Today's "Aha!" Moment

In 05.md, Harbor Point's risk dashboard could keep reading an older committed version of MUNI-77 exposure instead of blocking behind every trader update. That solved one kind of waiting, but it did not solve the harder question: what if two transactions each read a valid snapshot and still make a jointly invalid decision?

The bond desk hits that problem at 09:31. The issuer cap for MUNI-77 is 10.0M, and open reservations currently total 9.2M. Trader R1 tries to reserve 0.5M for one client, while trader R2 tries to reserve another 0.5M for a different client. Each transaction reads the same snapshot, sees enough headroom, and inserts a different reservation row. If the engine only checks whether they touched the same physical row, both can appear safe and the desk ends up at 10.2M, violating the issuer limit even though neither transaction looked wrong in isolation.

That is the mental shift for this lesson. MVCC visibility explains what each transaction was allowed to read. Timestamp ordering and OCC explain whether the system can still pretend those reads and writes happened in one serial order. If not, one transaction has to restart. Production systems vary in the details, but they all rely on the same contract: speculative work is cheap only if the engine can reject it before the bad history becomes durable.

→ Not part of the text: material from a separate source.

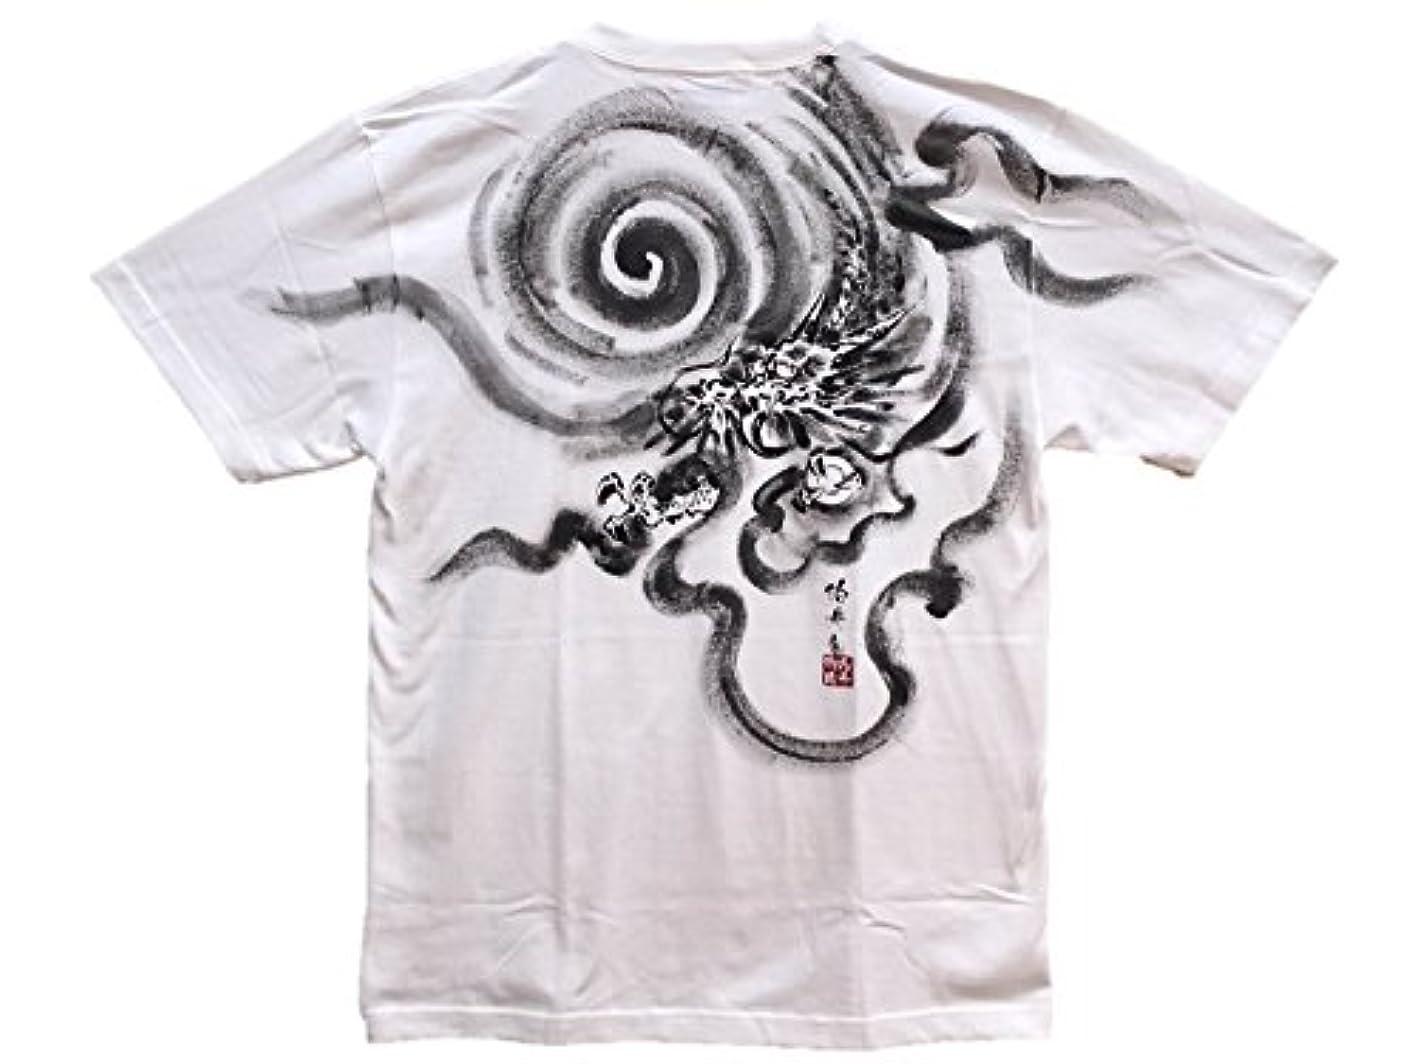 生産性ゆるい入札龍1 ドラゴン Tシャツ 白黒 半袖 和柄 日本画 手描き 墨絵 伯舟庵

This is also the bridge to 07.md. A successful validation only says, "this transaction may commit." The next lesson asks how the engine makes that commit order crash-safe with WAL sequence numbers, page state, and flush ordering.

Why This Matters

Harbor Point cannot protect the issuer cap with a vague promise that "concurrent transactions usually work out." The desk needs high throughput during the market-open burst, and it also needs a serializable answer to a business rule that spans many rows. Locking everything pessimistically would prevent mistakes, but it would also put every reservation request into a wait queue around a hot issuer. That is a poor fit when most reservations do not conflict and the desk cares about latency as much as correctness.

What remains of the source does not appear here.